Complete step by step answer:
We are given that a concave lens is placed in between an object and a screen and we try to find out the focal length of this lens by using the displacement method. The following diagrams show the image formation in the displacement method.

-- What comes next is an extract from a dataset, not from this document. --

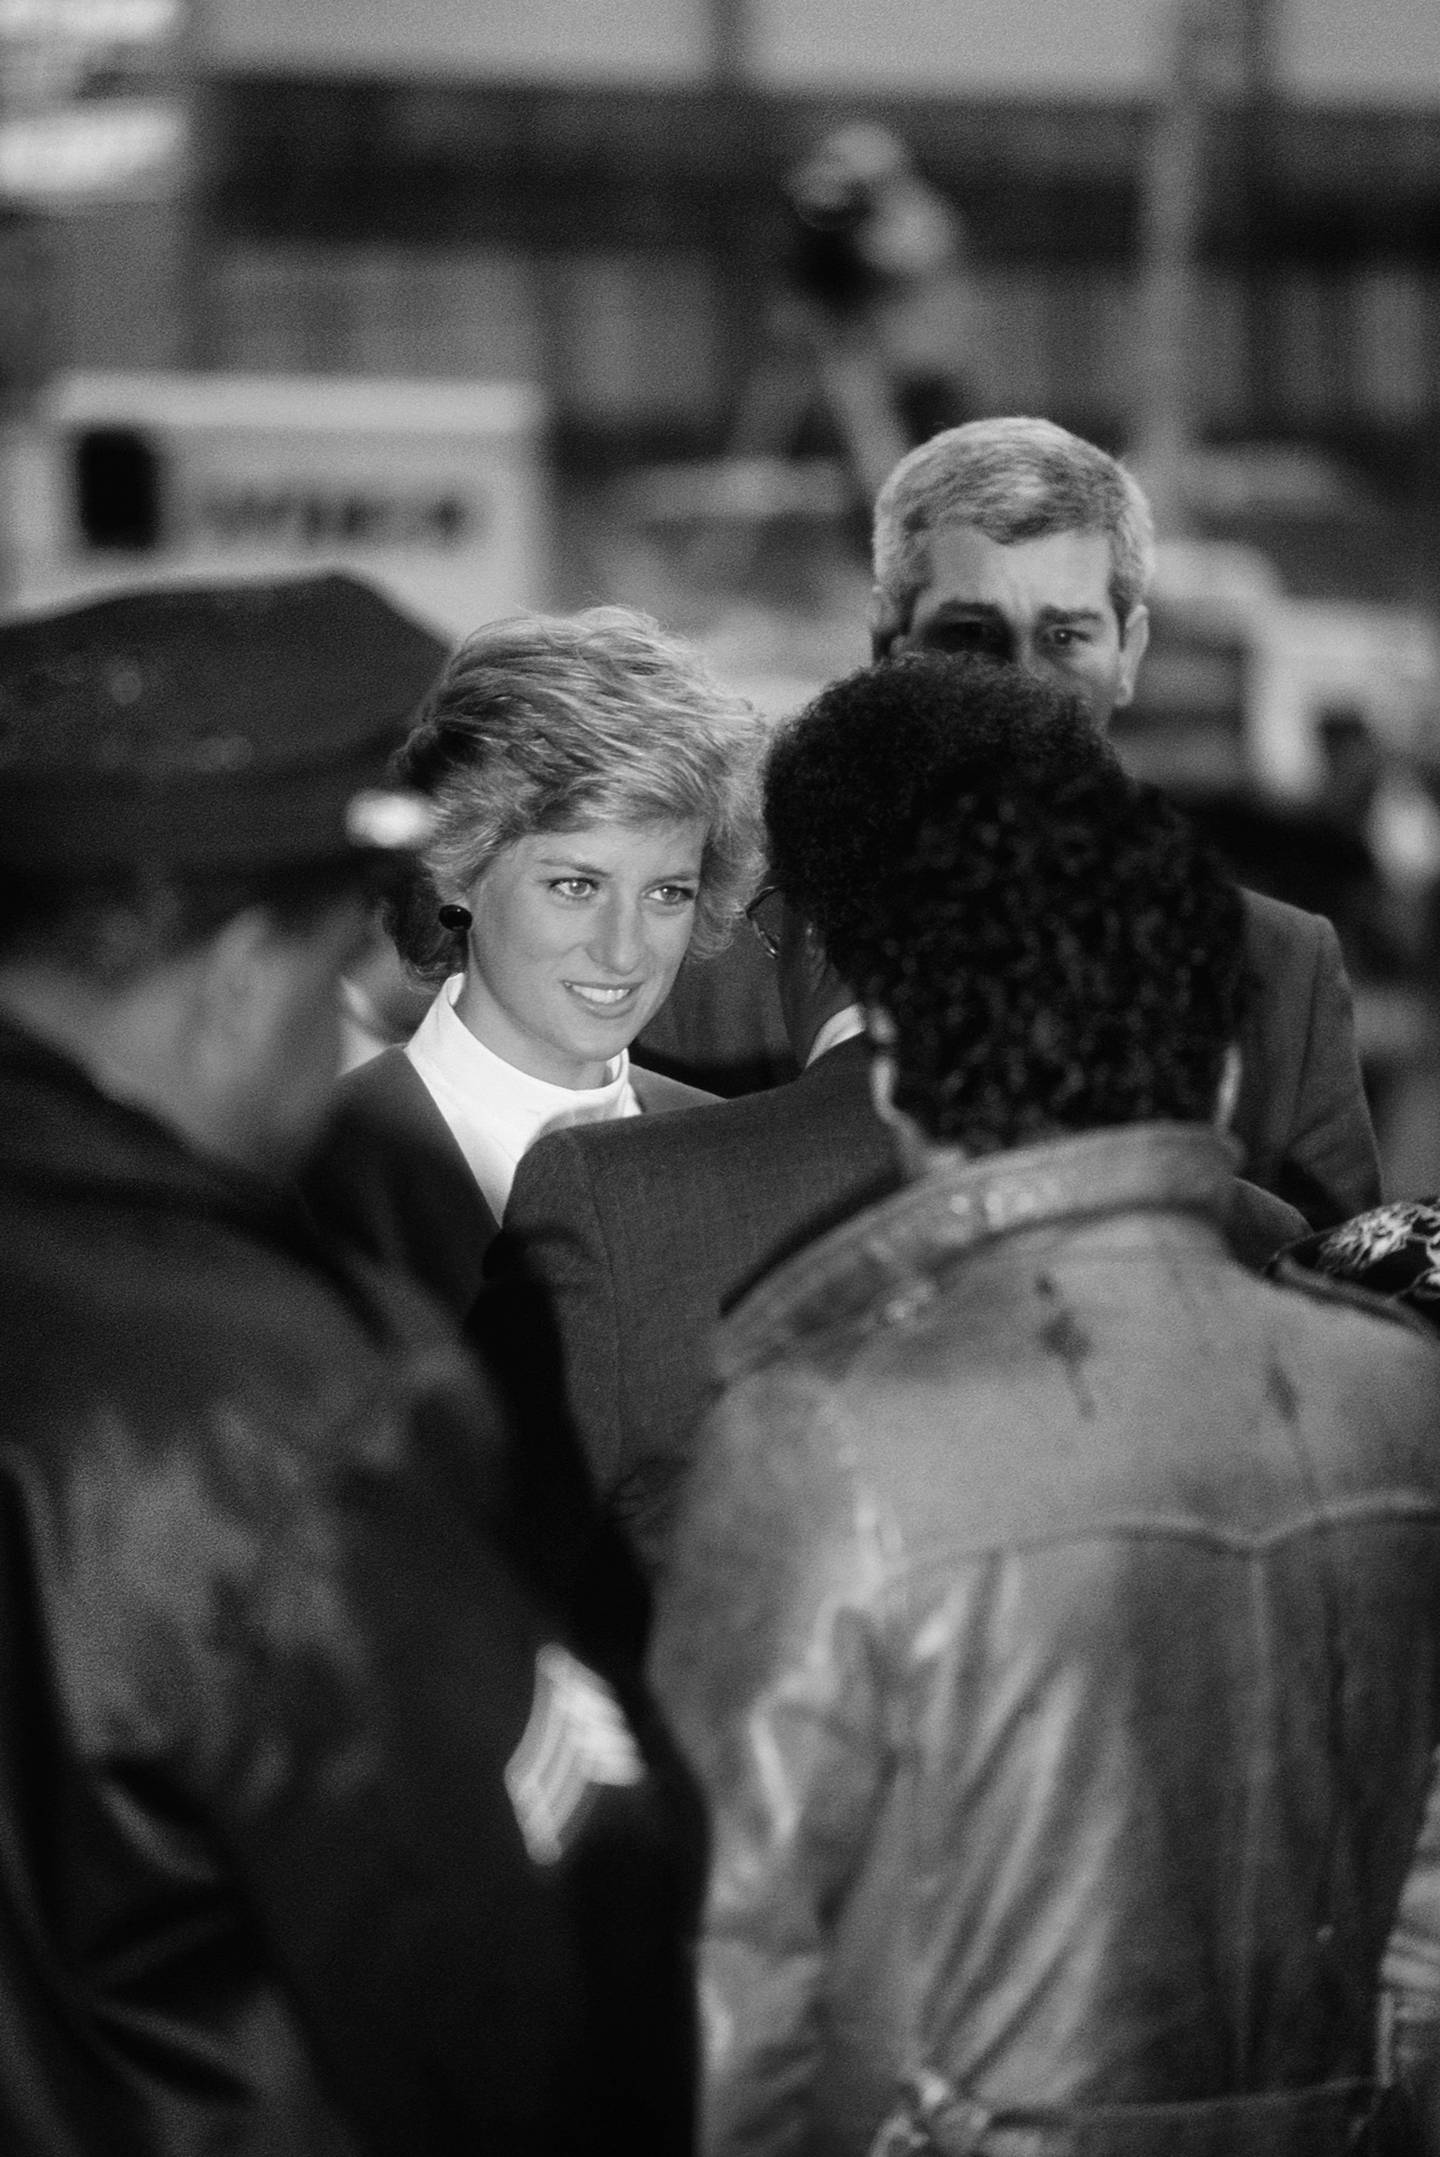 Dianafilmen - 2E03NP3 Diana, Princess of Wales surrounded by police and security as she arrives for a visit to Harlem Hospital?s pediatric AIDS unit in Harlem. New York City, USA. Feb 1989  NTB kultur

In the displacement method, the two magnifications obtained at two positions are given as follows:
$\begin{gathered}
  {m_1} = \dfrac{v}{u}{\text{ }}...{\text{(i)}} \\
  {m_2} = \dfrac{u}{v}{\text{ }}...{\text{(ii)}} \\
\end{gathered} $
Here u is the distance of the object from the lens while v is the distance of the image from the lens. For these magnifications, the following relation holds.
${m_1}.{m_2} = 1$
Now subtracting equation (ii) from equation (i), we get
${m_1} - {m_2} = \dfrac{v}{u} - \dfrac{u}{v} = \dfrac{{{v^2} - {u^2}}}{{uv}}$
From the diagram we get that $v - u = x$. Using this in above equation, we get
${m_1} - {m_2} = \dfrac{{\left( {v + u} \right)\left( {v - u} \right)}}{{uv}} = \dfrac{{\left( {v + u} \right)x}}{{uv}}{\text{ }}...{\text{(iii)}}$
Now we will use the lens formula, which is given as
$\dfrac{1}{f} = \dfrac{1}{v} - \dfrac{1}{u}$
For the first case, we have
Distance of object from lens $ = - u$
Distance of image from lens $ = v$
Therefore, we have
$\begin{aligned}
& \dfrac{1}{f} = \dfrac{1}{v} - \dfrac{1}{{ - u}} = \dfrac{1}{v} + \dfrac{1}{u} \\
& \dfrac{1}{f} = \dfrac{{u + v}}{{uv}} \\
\end{aligned} $
Using this in equation (iii), we get
$\begin{aligned}
& {m_1} - {m_2} = \dfrac{x}{f} \\
& f = \dfrac{x}{{{m_1} - {m_2}}} \\
\end{aligned} $

So, the correct answer is “Option B”.

Note: 1. We have used the following convention for the lens. All the distances to the left side of a lens are taken as negative while all the distances to the right hand side of the lens are taken as positive.
2. The focal length of a concave lens is negative while the focal length of a convex lens is positive.